Wasting salary on Porn

“I spend my money on Porn. I work hard and I am a 23 year old guy  and when I get home I can’t help but look at porn. I spend more on chat lines and the girls don’t really please me.”

money burn

This is a common phase with people growing up. These are called hormonal impulses. Many watch porn and can have healthy lives alongside it. You should try to stop spending on the chat lines as you are not really getting any gratification as you express. You can watch porn and keep boundaries with it, but phonelines can be addictive, however this does not make you a sex addict. Testosterone adds these feelings naturally to us as men and you are in no way abnormal. You are simply single and free of commitments. Take some time to deal with your daily lifestyle and when your urges arrive to have a time for sexual pleasure, make time for yourself but try to reduce the overtime so that it doesn’t fully dominate your every decisions. Being alone, a man with testosterone and in a broken society means it is safer to engage in these actions in your household and is also regarded as health by sex health professionals. because you have not had a partner, the porn is the next available thing when you have urges. This is healthy and shouldn’t be demonised. Not everyone has the ability to go outside for financial or even social reasons. Your shyness is a problem and lack of friends has cut you off but you should try interacting with others more, or perhaps visit a self help section and find a book on overcoming shyness in a library or bookstore. It may seem drastic but this guidance could help you and there is no shame with finding your drive in life alongside a healthy sex drive. Sex is a natural order.

Groping friend a nightmare

“One of my boyfriends pals keeps touching me and saying extremely inappropriate things. I am 21,  female and have been with my guy for six months. He always made it obvious that he likes me.”

touching

If it is making you feel uncomfortable then this is extremely inappropriate. You need to tell them to stop doing that as hard as it may be for you. If this fails you may need to report this behaviour before it has a chance to escalate. You must be clear that you do not condone these actions and that you do not like this and you are not a free for all grab bag unless you give intentions, of which you suggest you are not , but if you have then you should outline it isn’t acceptable any longer and makes you feel awkward. This pal also has no regard for his friendship with his pal and you should inform your boyfriend with direction to leave it alone and part ways from this guy if boundaries cannot be kept. Your body is yours and yours alone and no one has the right to take advantage of this.

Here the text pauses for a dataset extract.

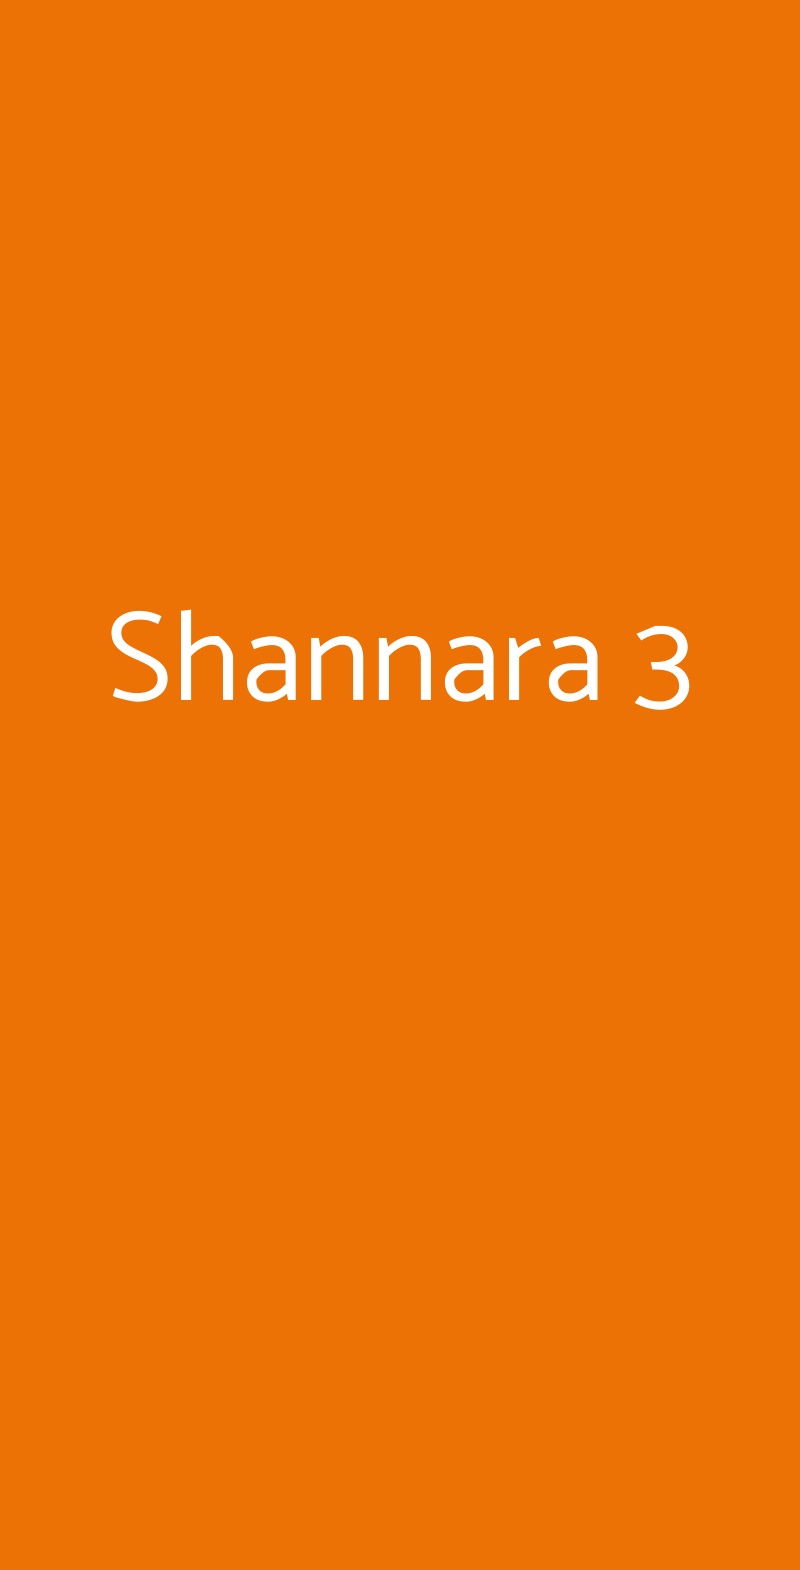 Shannara 3 Milano menù 1 pagina

Pals don’t get why I’m not up for sex

“Since I was very young, I have known that I am asexual. I have never had the urge to have sex. I don’t desire it and can happily live without it. It kind of repulses me. I am a woman of 25 and people say I am pretty. I get plenty of male attention and don’t want it.”

no sex

Some of us do not feel the rampant urge to fornicate every split second. However this does not mean we do not have a sex drive. It could be mild stress or anxiety that halts your drive into engaging with real encounters and no desire for instant attractions. You clearly value a longer, and more stable communication with passion and time to know someone and more of a dater than anything else. Look for some dates if you wish but not jumping onto the charge of sex every second is commendable and tasteful. Don’t let others make you feel any less desirable but also don’t fall into a possible trap of despising those who have other sexual needs. It is good that sex does not define you as a newer, younger generation are enarmoured by. Attitudes to sex have changed because advertising and parenting have toned down stability and allowed it to progress for lack of discussing the issues in an open forum. You may enjoy political texts as well as going outdoors to witness nature in a fuller content context.